The point is, AmEx’s generally affluent customers are typically able to shrug off economic woes. This stock’s sizable pullback is rooted in fear that’s mostly unmerited.

3. Apple

Finally, add Apple (AAPL 0.32%) to your list of Warren Buffett stocks to buy right now if there’s a little bit of money you’d like to put to long-term work.

Yes, Berkshire has been lightening up its stake in Apple since late 2023, culling its position to less than half of what it was then. Don’t lose perspective, though. Those sales followed a hefty run-up and then more than a year’s worth of stagnation. Buffett is bold and doesn’t mind a lack of diversification, but even he has limits. It’s also worth remembering that Apple is still Berkshire Hathaway’s single-biggest position, making up nearly one-fourth of the conglomerate’s total stock portfolio. That’s hardly an indication of concern about its future.

There’s a very specific reason you might want to dive into a position in Apple while shares are down 18% from December’s peak and trading at a multi-month low. That is, artificial intelligence (AI) could prove quite catalytic for this stock over the course of the next couple of years.

Admittedly, that doesn’t seem to be the case thus far. The iPhone 16 that became available in September is fully capable of running the Apple Intelligence assistant app that debuted in October. But interest has been lethargic. And the investing crowd is getting restless as a result.

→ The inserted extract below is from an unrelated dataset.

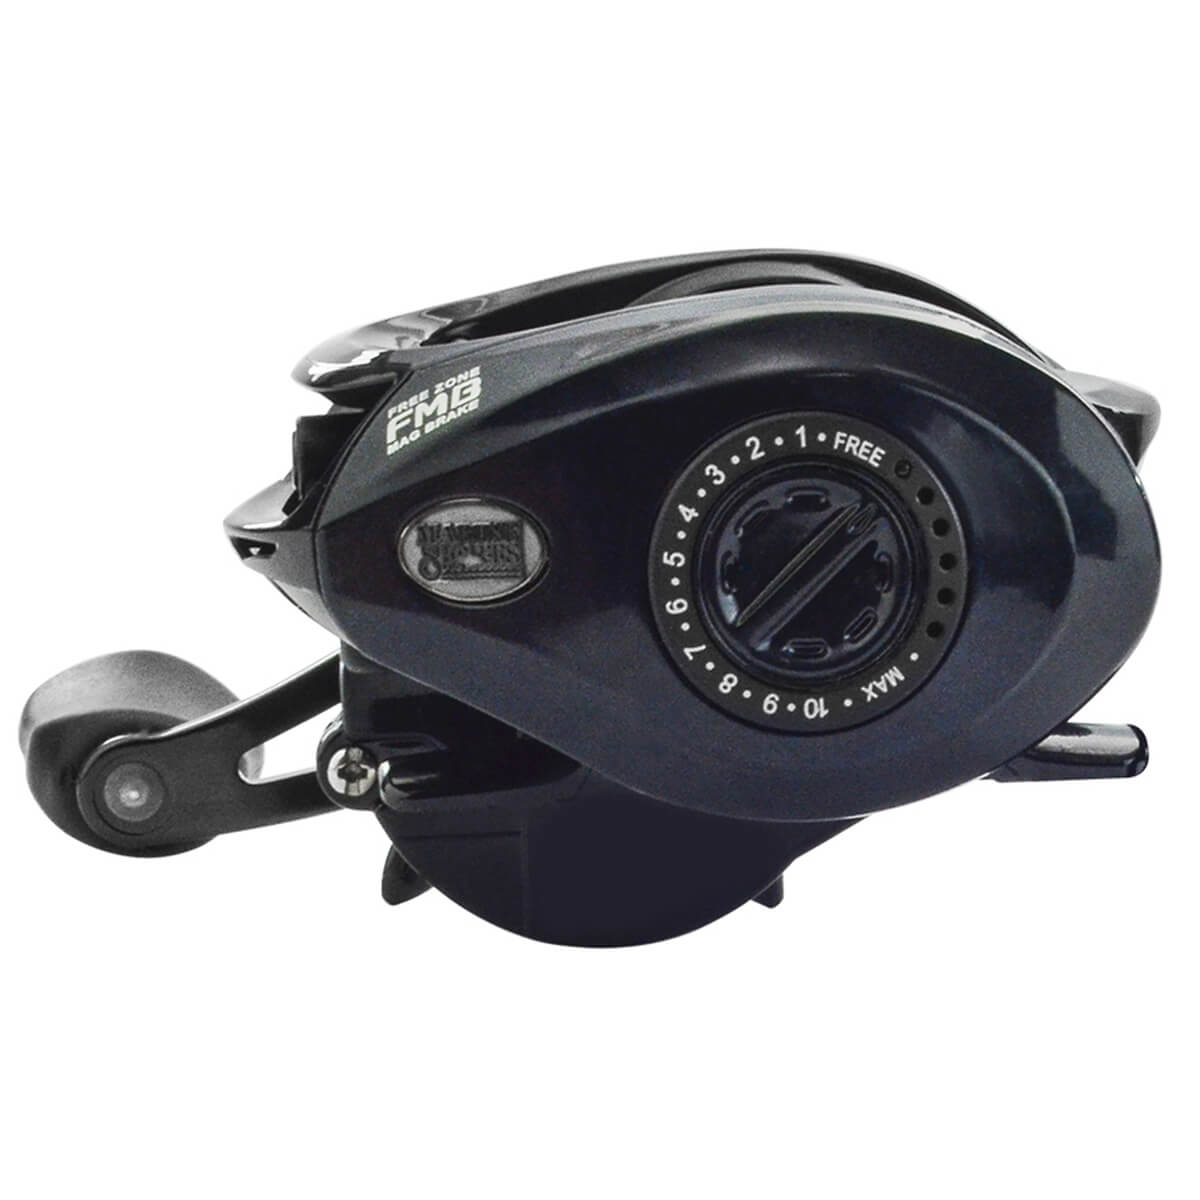 Carretilha Marine Sports Venza GTO 7000 SHI/SHIL 7.3:1 7 Rolamentos

As KeyBanc Capital Markets analyst Brandon Nispel recently noted, “With 2025 iPhone growth expectations now 1% (down from 7% just two quarters ago) and key catalysts around Apple Intelligence Siri upgrades now delayed, we think bulls will lose confidence in any upgrade cycle hope,” echoing the sentiment plenty of others are voicing about Apple’s AI business to date.

As the old adage goes, it’s darkest before dawn. So don’t give up hope here. If anything, now’s the time to dig in.

This might help: While the company’s consumer-facing artificial intelligence offerings haven’t really moved the needle much yet, there are analysts who still believe Apple’s day in the sun is coming. It was just never going to be now.

As Jefferies analyst Edison Lee explained late last year: “We like Apple Intelligence long term, as Apple is the only hardware-software integrated player that can leverage proprietary data to offer low-cost, personalized AI services. However, smartphone hardware needs rework before being capable of serious AI, likely by 2026/27.”

Veteran investors know that stocks have a knack for moving preemptively in anticipation of these kinds of causalities.